## PROVIDED DATA:
**********

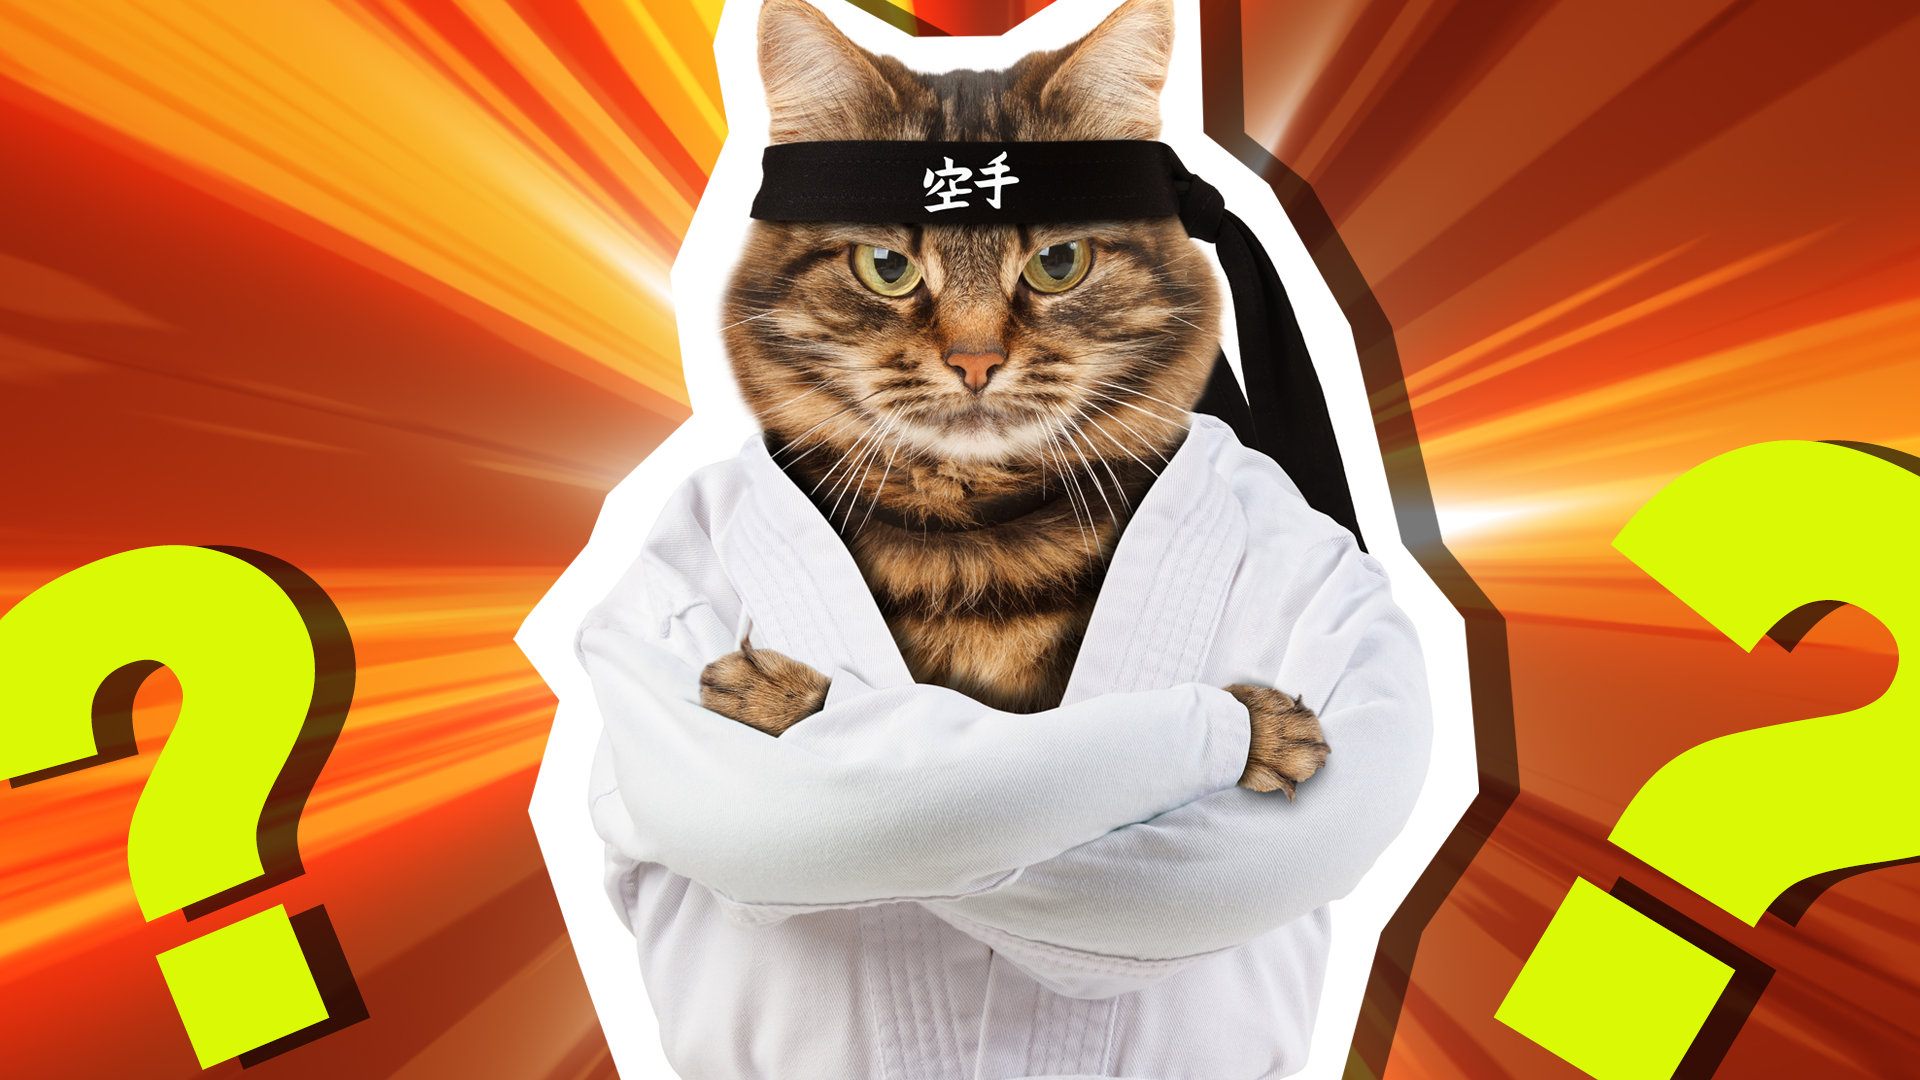 Karate Cat
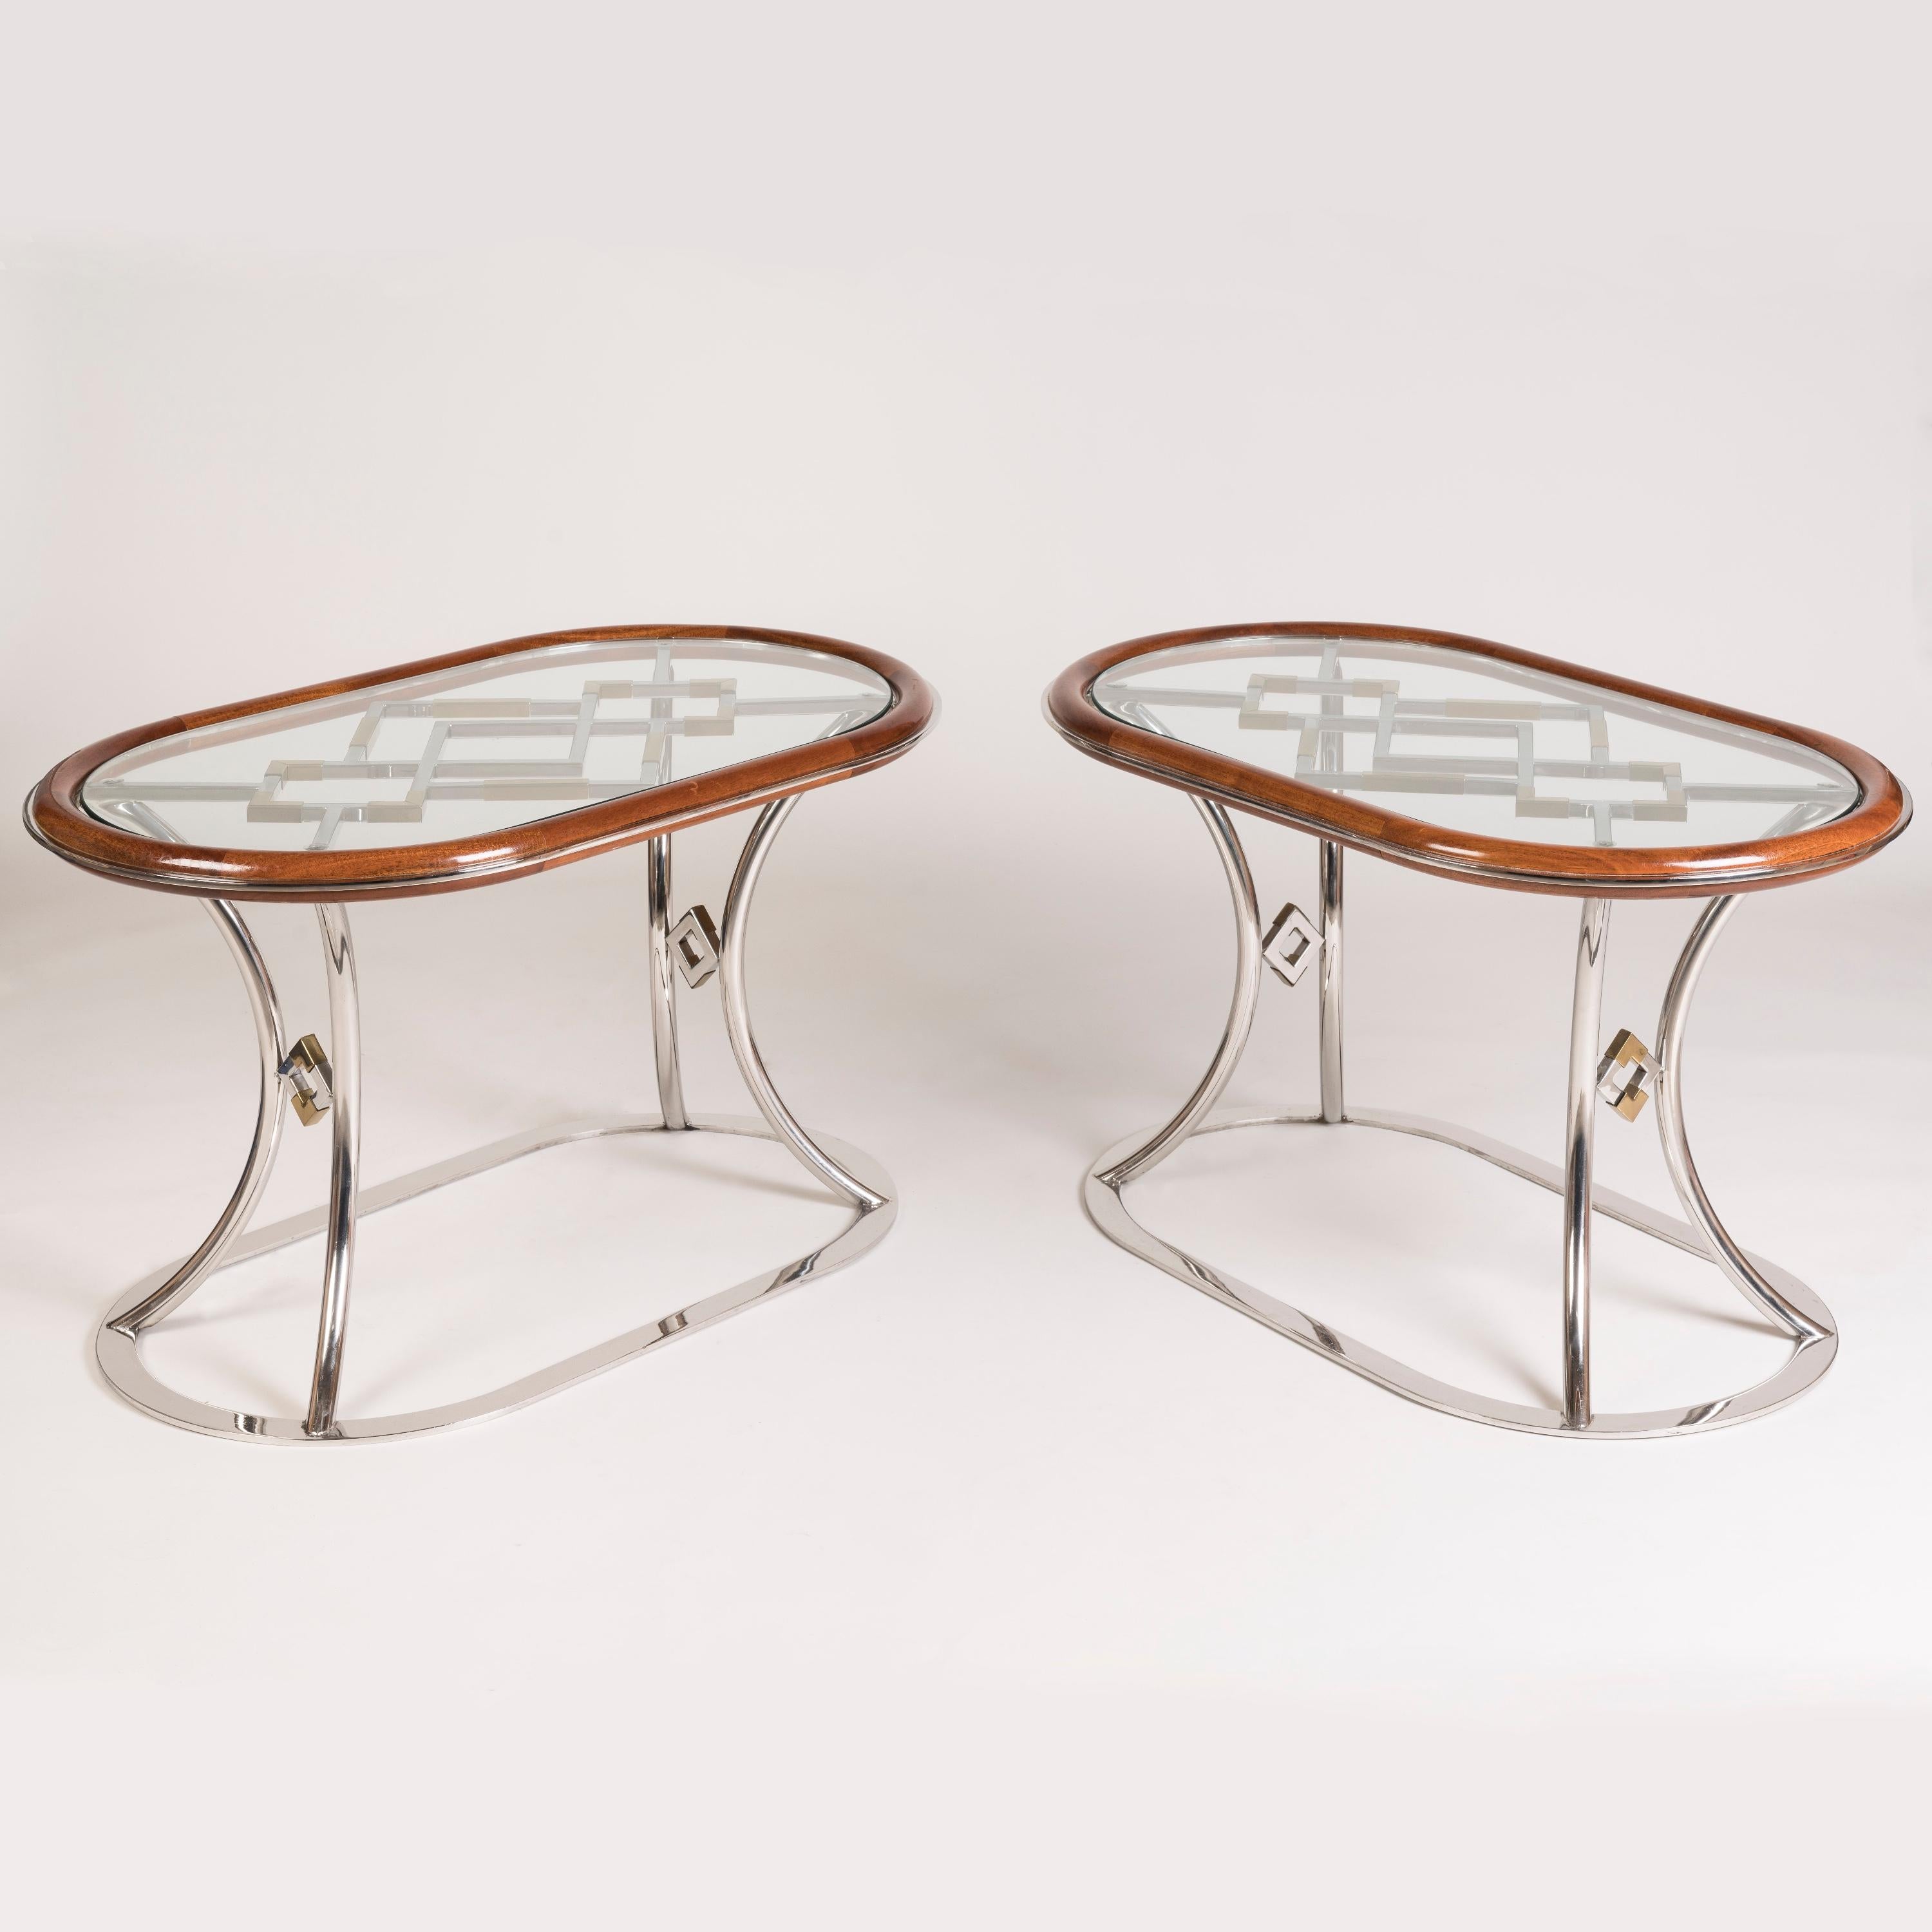 Ein Paar französische Nachkriegs-Couchtische aus Chrom und Messing
Zuschreibung an Maison Jansen

Jeder Tisch hat eine ovale Glasplatte und einen Mahagonirand. Er steht auf einem verchromten Sockel mit geschwungenen Beinen und offenem Spalierdesign

**********

## WORK TO COMPLETE:
Would you please give the material above again, unchanged but without pictures?

## COMPLETED EXERCISE:
 Karate Cat
 Ein Paar französische Nachkriegs-Couchtische aus Chrom und Messing
Zuschreibung an Maison Jansen

Jeder Tisch hat eine ovale Glasplatte und einen Mahagonirand. Er steht auf einem verchromten Sockel mit geschwungenen Beinen und offenem Spalierdesign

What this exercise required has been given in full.